PROBLEM
In the material below, print every line exactly and omit the pictures.

MATERIAL PROVIDED
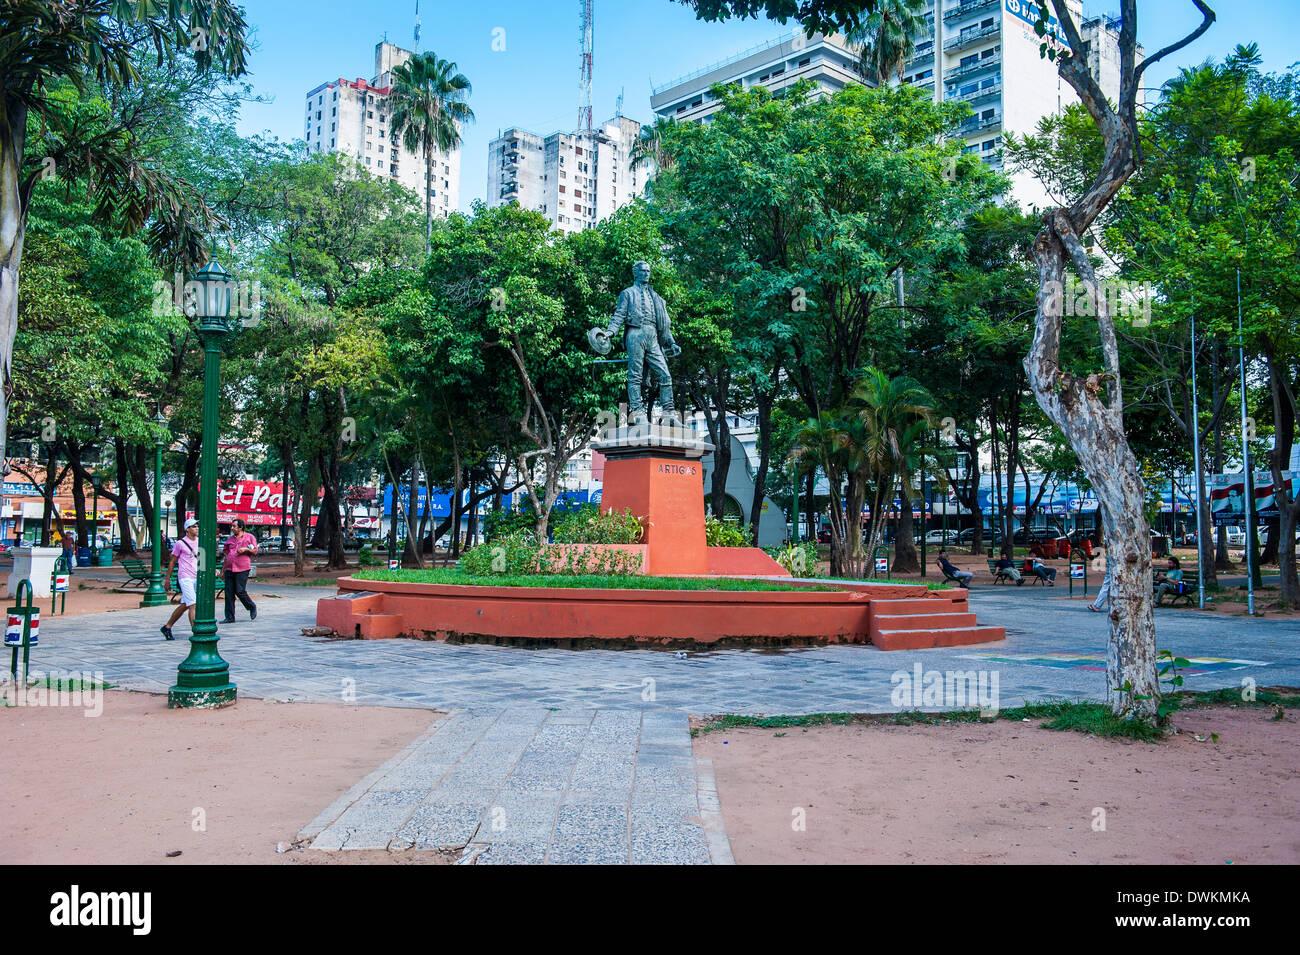 Uruguay quadrato in Asuncion in Paraguay, Sud America Immagini Stock
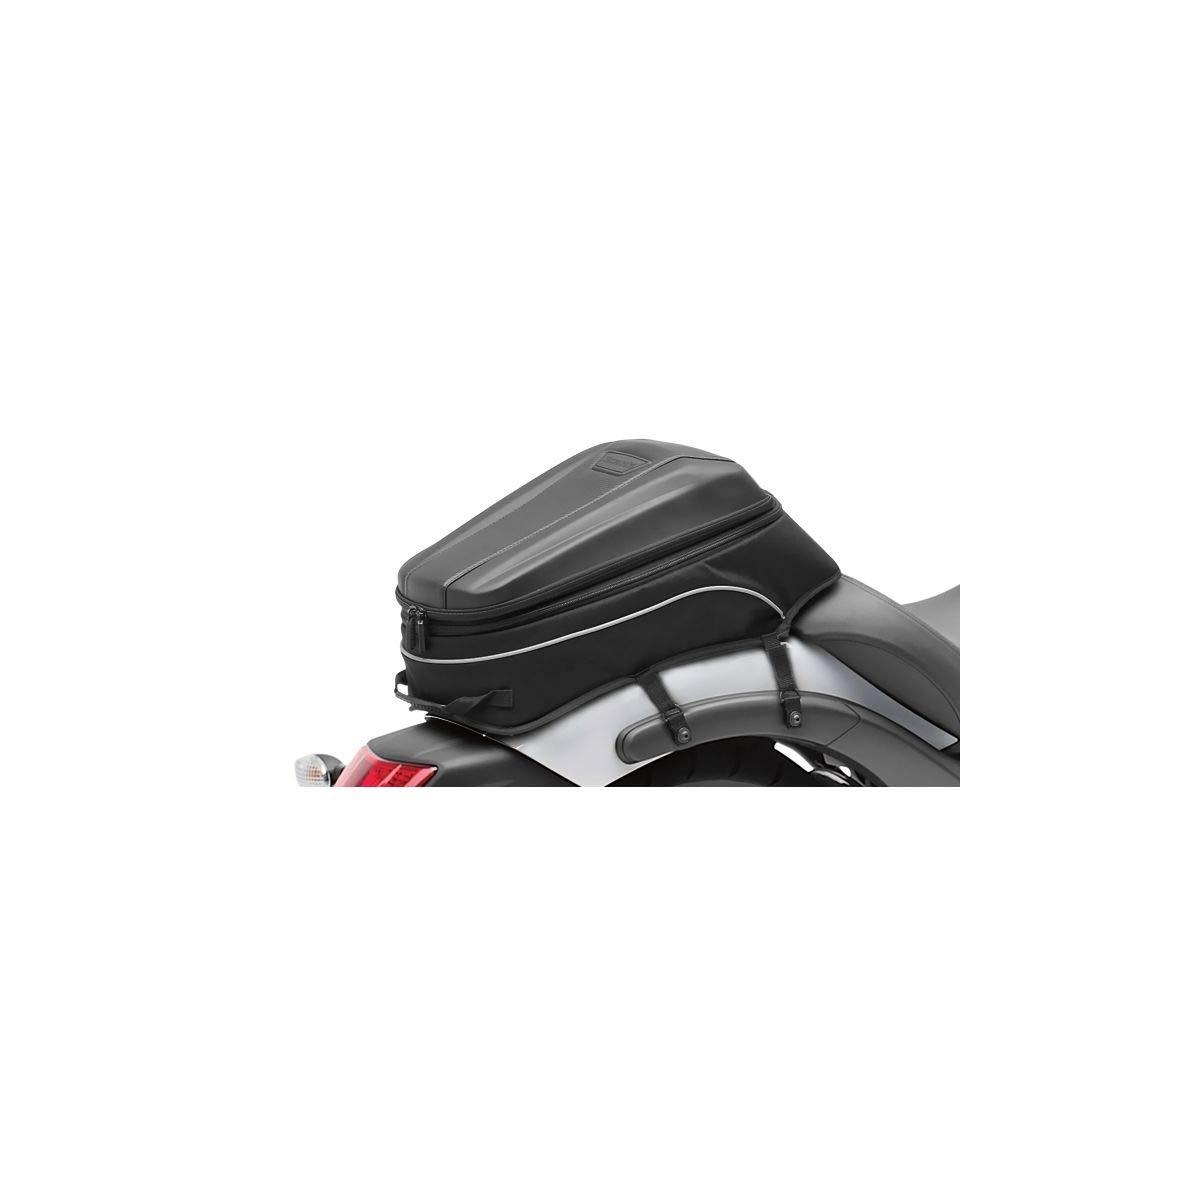 Genuine Kawasaki Accessories 15-19 Kawasaki EN650SA Expandable Soft Top Case
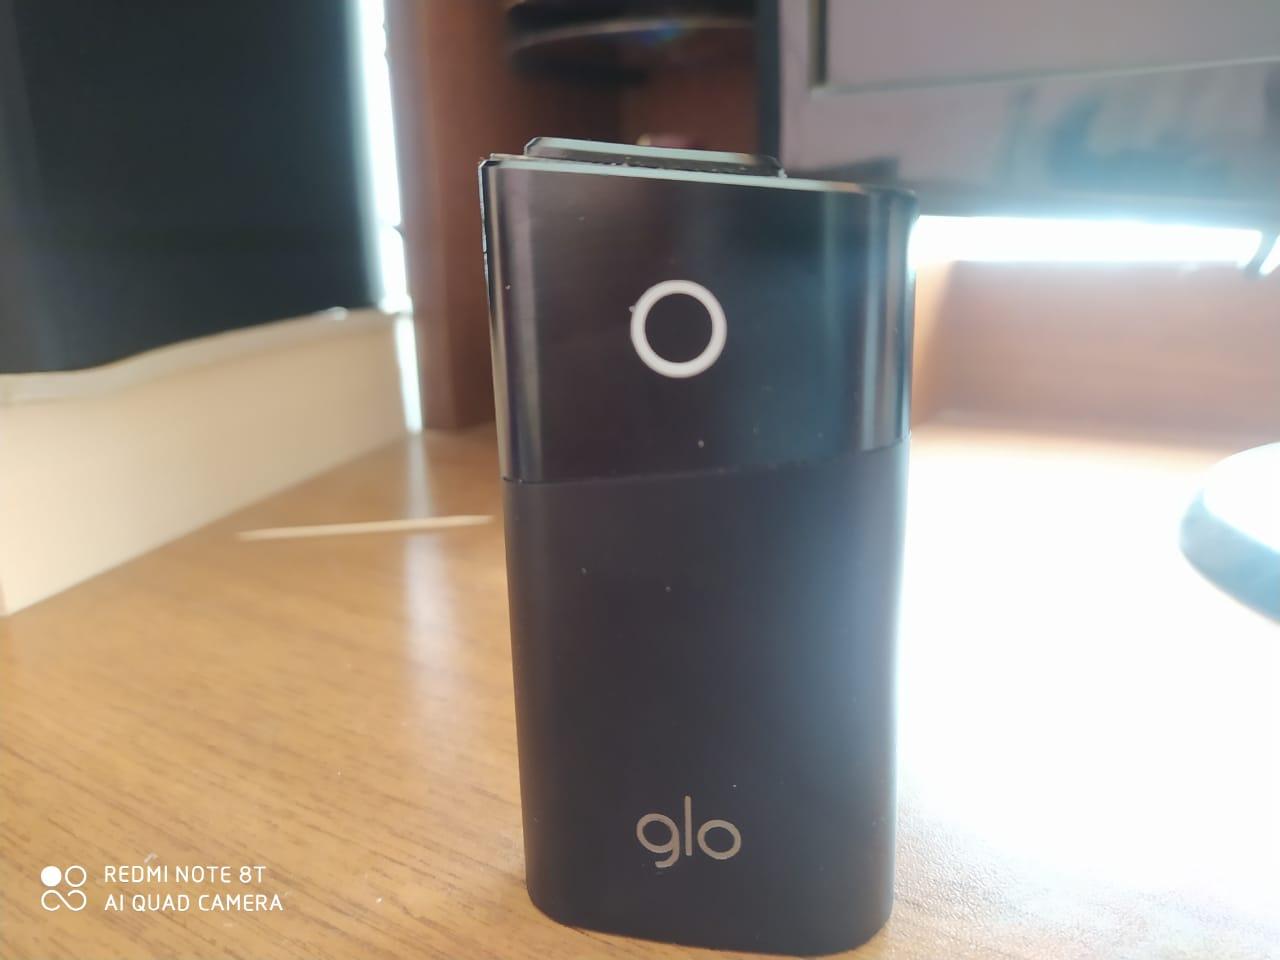 Glo 2 - Original Tütün qızdırıcısı - siqareti tərgitmək

ANSWER TO THE PROBLEM
 Uruguay quadrato in Asuncion in Paraguay, Sud America Immagini Stock
 Genuine Kawasaki Accessories 15-19 Kawasaki EN650SA Expandable Soft Top Case
 Glo 2 - Original Tütün qızdırıcısı - siqareti tərgitmək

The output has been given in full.